Seal Alert-SA Press Release, July 4, 2007.
Things are really hotting up. Public protests and posters up on the star-wall was the start. Dutch and German import bans the beginning. Excellent articles in The Star, News 24, The Cape Times, German Media, The Namibian, Radio 702, The Mercury, and on Legal Brief. Weekend Argus carried stories, as did an excellent article by Eleanor Momberg of the Sunday Independent, with headlines screaming, “Ravaged by starvation, Namibia’s rapidly shrinking population of Cape fur seals is accussed of out-fishing the high-tech trawler fleets” with four massive pics of sealers clubbing baby seals. More is coming, including maybe CNN, and The Namibian just published an excellent piece written by Adam Hartman, “Word Maths, Doesn’t Add Up – Animal Activists”, please click on link to read full story, allafrica.com/stories.html. To which the below answers all.
Marine Scientists Refute
Namibian’s Minister Claimed Fishery Losses Through Seal Predation

As anger grows about the continuing baby seal cull in Namibia
Upon announcing a continued 80 000 baby seal cull, starting July 1, 2007, rolling for next three years. Information Minister Netumbo Nandi-Ndaitwah motivated this by stating, “The sharp increase of the seal population is endangering the fishing industry because the seals kill (not eat) around 900 000 tons of fish each year”.
Francois Hugo of Seal Alert-SA replies, number 1) baby seals dont eat fish they suckle milk from their mothers, 2) the seal population has been in decline since 1993, 3) the mass starvation of 95% of the pups and half the adult seals last year implies they ate very little fish 4) Namibia’s doubling of fishing quotas over the last decade and a half, from 300 000 tons to 600 000 tons, is the sole cause for the current fishing industries endangerment, and the threat to seals future survival.
The Seals alleged 900 000 ton consumption of fish annually (half of which is non-commercial fish species), is simple that of a computer model, that has no basis in a starving seals reality.
It is Namibia’s doubled fishery capacity and landings since independence that should be modelled.
In the latest scientific published fish consumption model for Cape fur seals (published in June 2006), a study carried out over an 8-year period in the three seal culling mainland colonies of Namibia, two South African marine scientists and one Namibian scientist, who heads the Marine Mammal section at the Namibian Ministry of Fisheries, refute the Information Minister’s seal consumption claims.

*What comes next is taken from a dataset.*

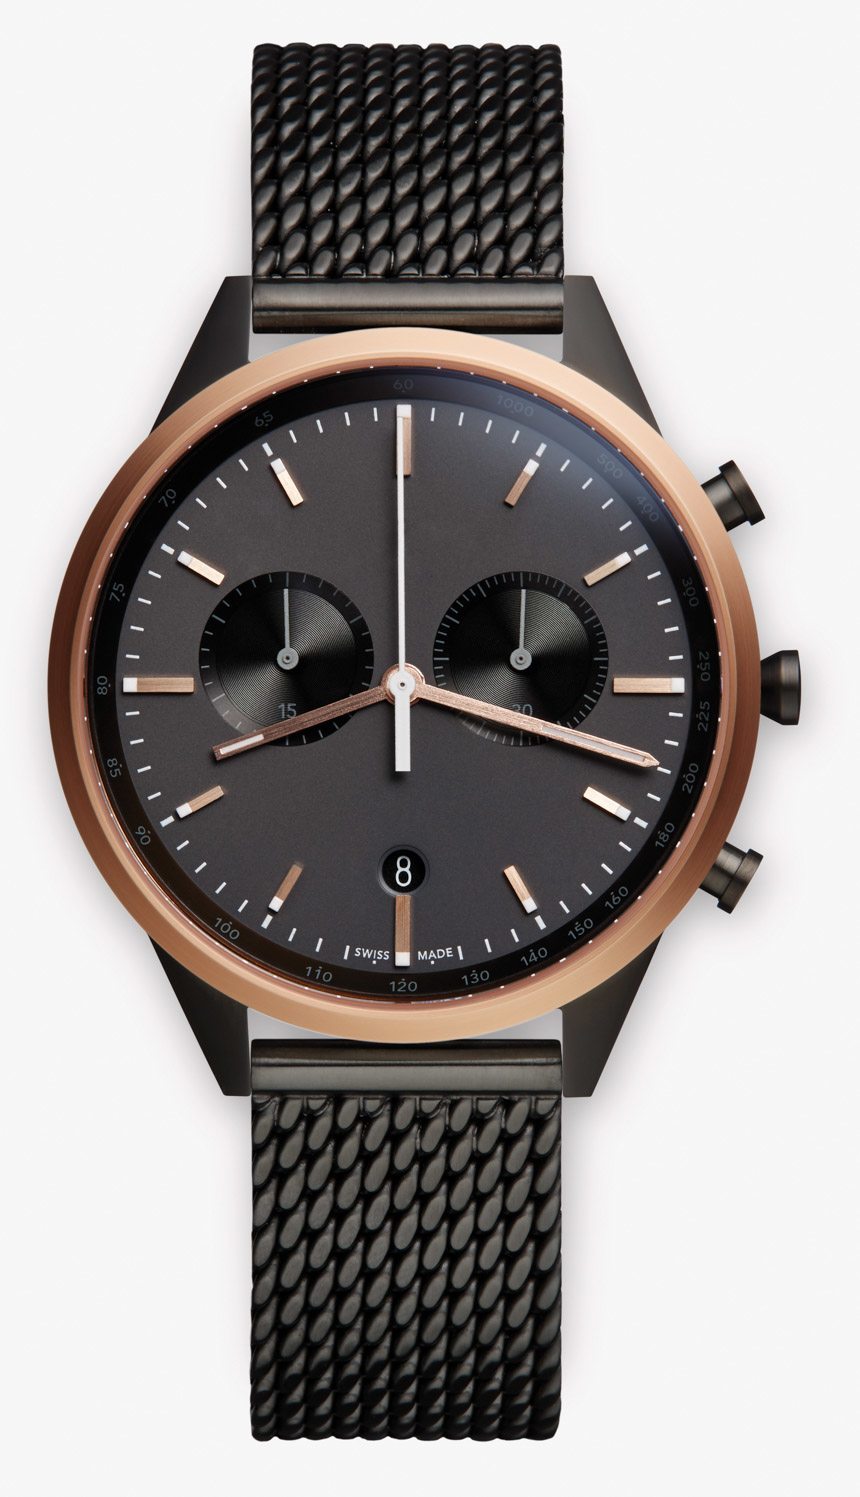 Uniform Wares C41 Chronograph Headlines New Swiss Made Watch Collection Watch Releases 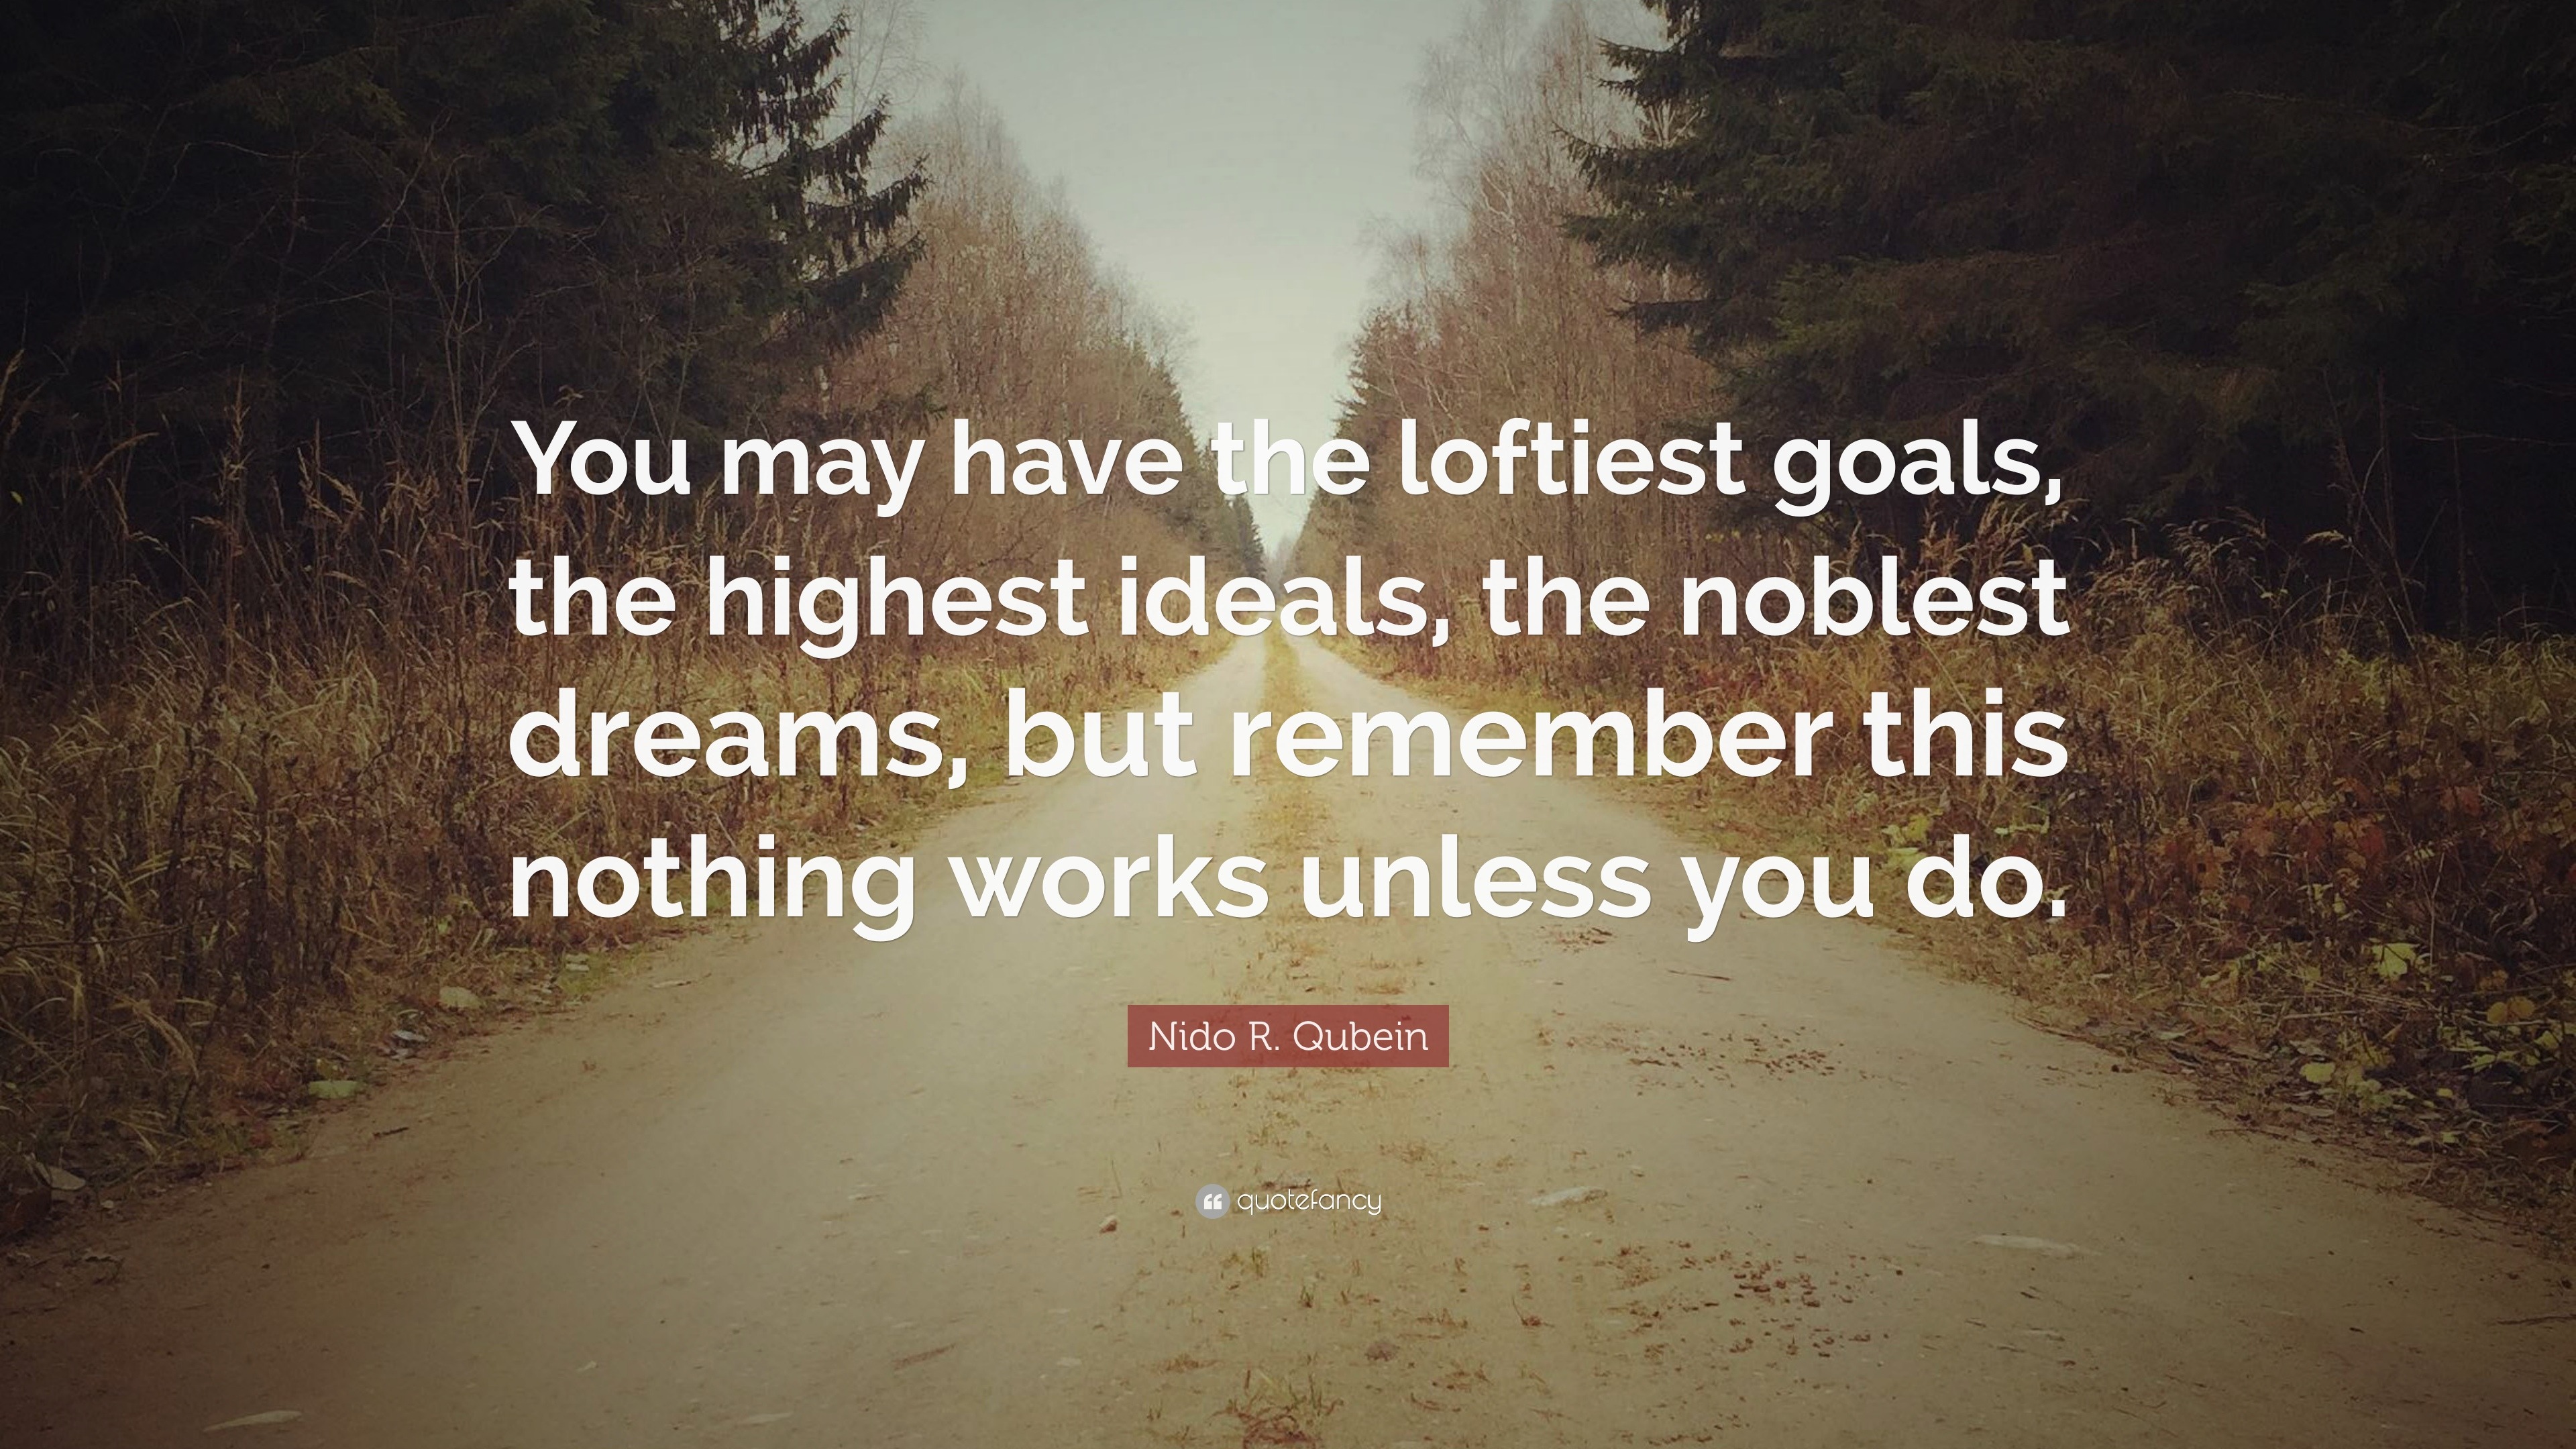 Nido R. Qubein Quote: “You may have the loftiest goals, the highest ...

The conclusions of their research states, “Although seals and fisheries utilize the same commercial prey resources, this does not automatically imply that there is competition between them. To determine the extent to which competition exists between seals and fisheries, additional information is required, such as fish distribution and abundance, feeding effort, amount of fish utilized and size classes utilized by seals and fisheries in time and space, the response of fish to changes in predation rate, the response of seals, fisheries and other predators (snoek, hake, sharks, seabirds, whales and dolphins) to changes in fish abundance, and the response of the market to fish supply.Unless all this information, which is usually difficult to obtain, is available, competition between two resource utilizers cannot be determined effectively“.
Although Namibian Ministry claims to be “harvesting seals in line with the principles of sustainable management under the Constitution, fully supporting the international concept of eco-system approach to fisheries management”.
The three year rolling cull of 80 000 pups and 6000 bull seals per year, can hardly be considered sustainable when considering that the 2006 mass die-off equalled that of the 2000 mass die-off and the 1994 mass die-off of the seals, in which, 95% of the pups died and over 300 000 adults (half the population of seals).
South Africa also fully subscribes to an eco-system approach to fisheries management, has a no-cull seal policy and has written into legislation policies which aim to ensure sufficient availability of food for seals and seabirds in the wild to sustain populations (through legislation to ensure adequate escapement of prey from commercial fisheries). The result is our Cape fur seals have no starved to death in mass and we equally harvest 550 000 fishery tons. Clearly the several mass die-off’s the seals have experienced since Namibia doubled its capacity and fish landings, has illustrated that Namibia has got eco-system approach management upside-down.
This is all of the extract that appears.